## Data supplied
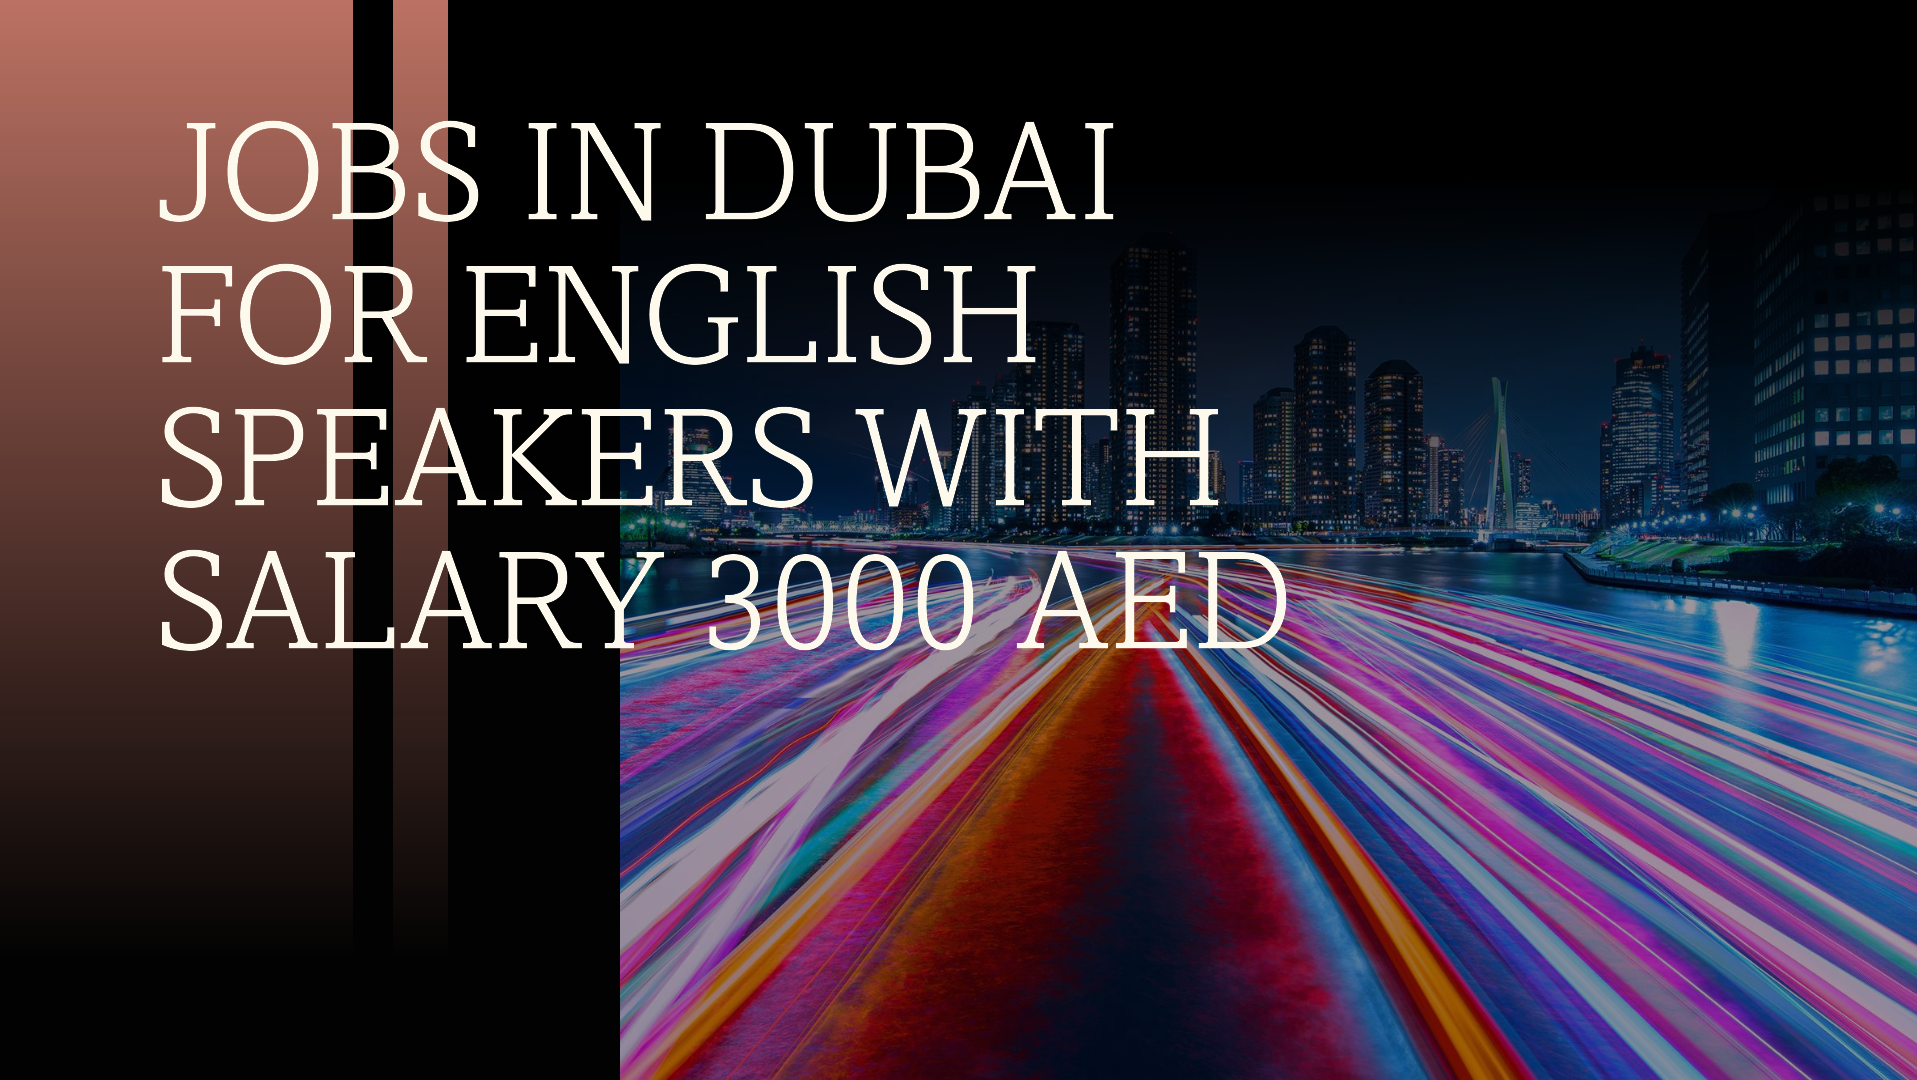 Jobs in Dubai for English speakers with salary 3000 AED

...

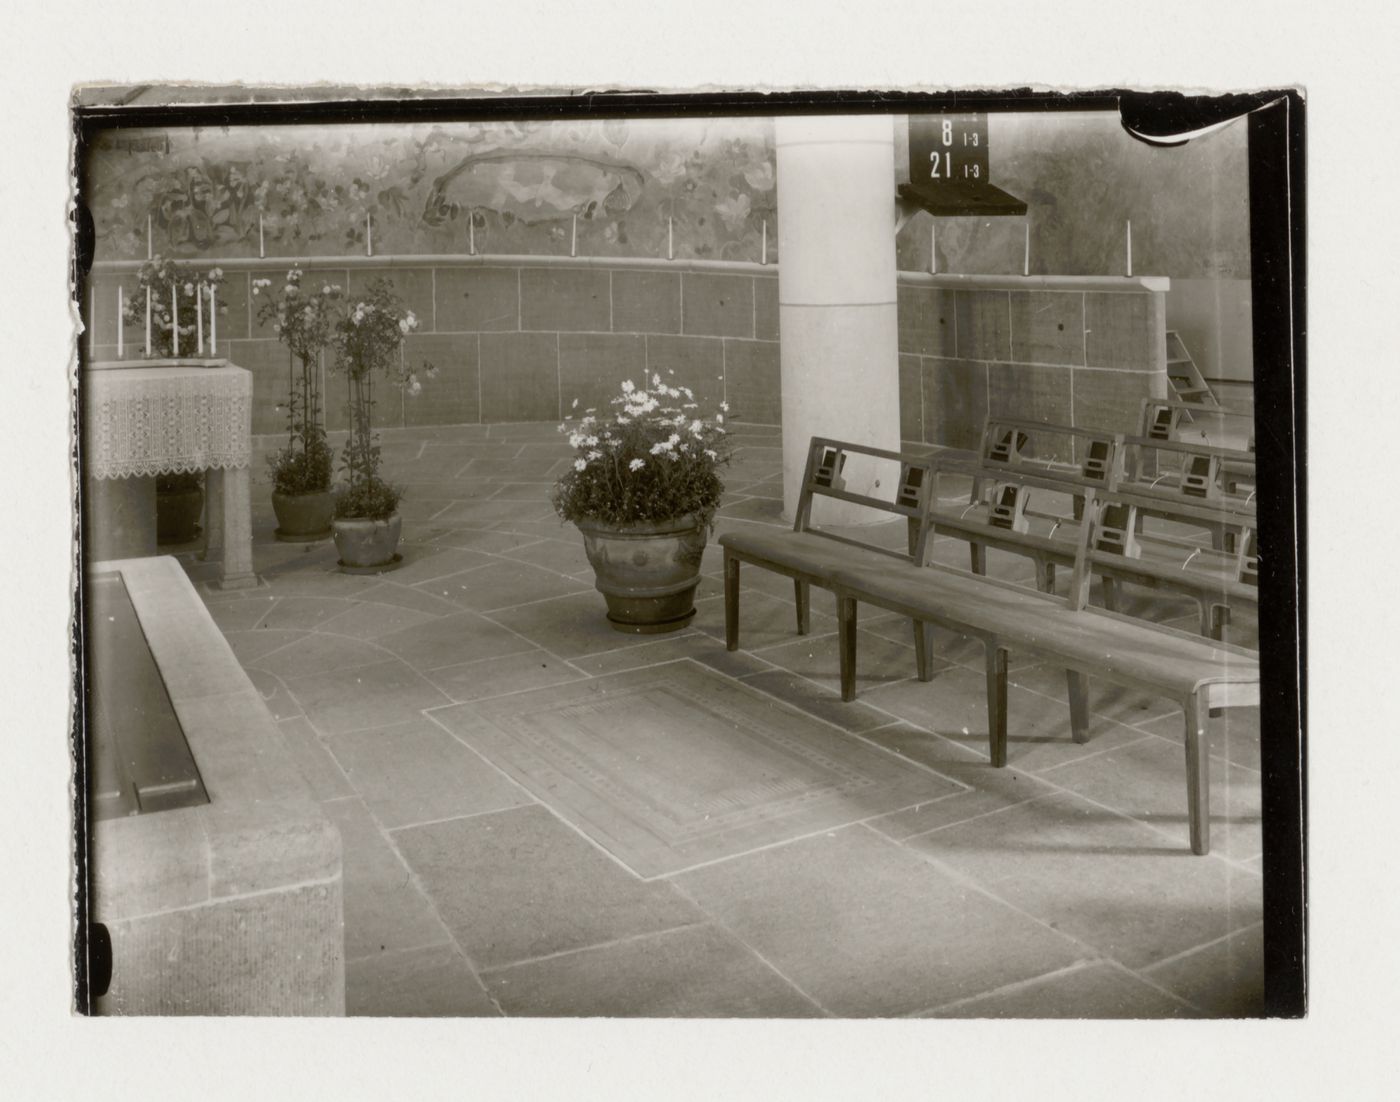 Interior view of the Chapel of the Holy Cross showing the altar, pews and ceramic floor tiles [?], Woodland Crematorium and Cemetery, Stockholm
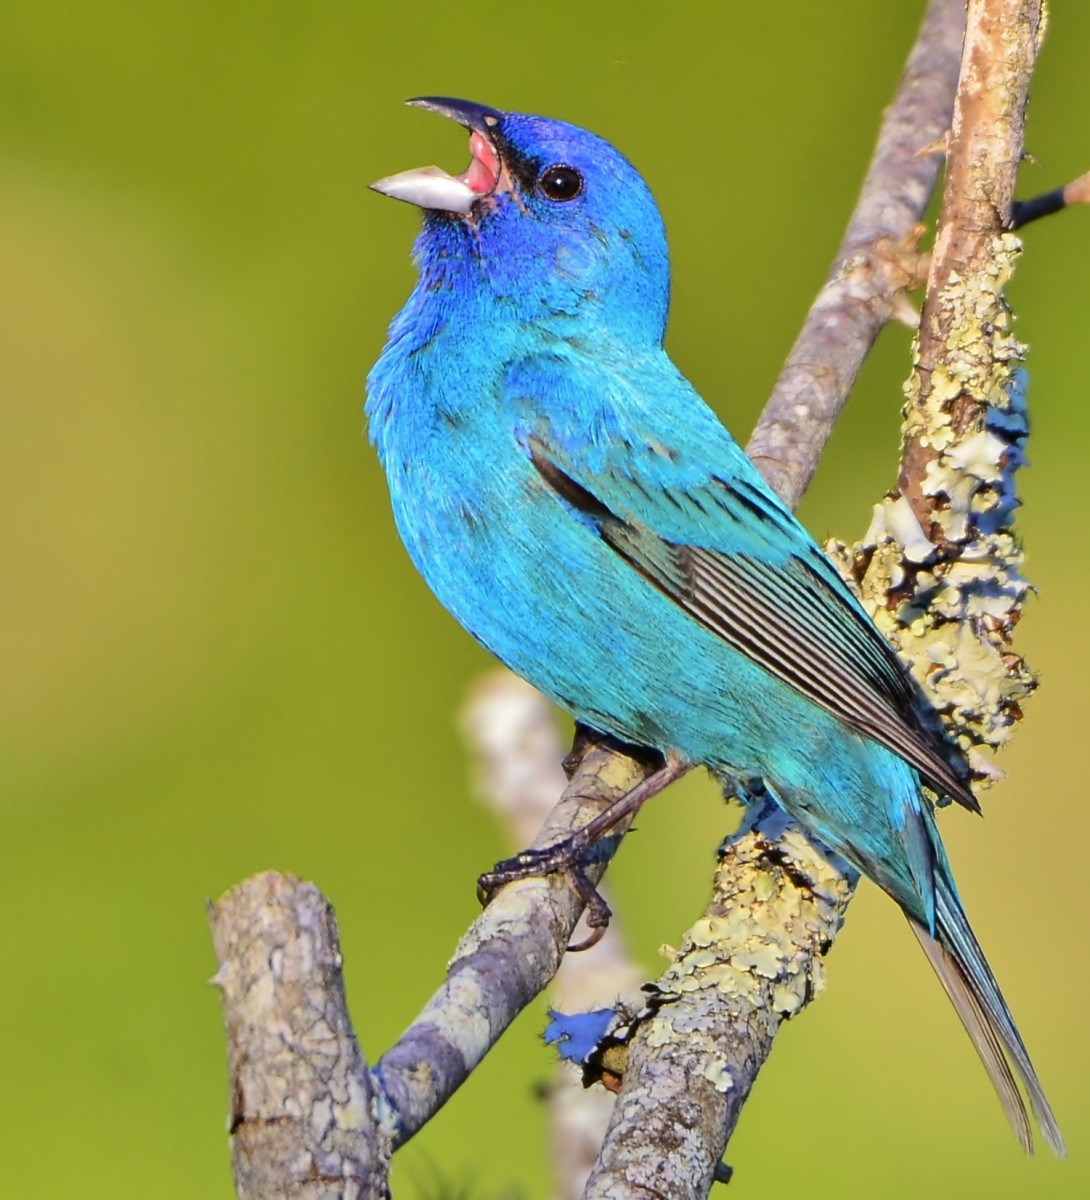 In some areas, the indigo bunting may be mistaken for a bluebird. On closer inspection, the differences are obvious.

## Your assignment
Output exactly the lines above, from the line with "Interior view of" to the line with "In some areas, the", both included; skip the pictures.

## Output of the exercise
 Interior view of the Chapel of the Holy Cross showing the altar, pews and ceramic floor tiles [?], Woodland Crematorium and Cemetery, Stockholm
 In some areas, the indigo bunting may be mistaken for a bluebird. On closer inspection, the differences are obvious.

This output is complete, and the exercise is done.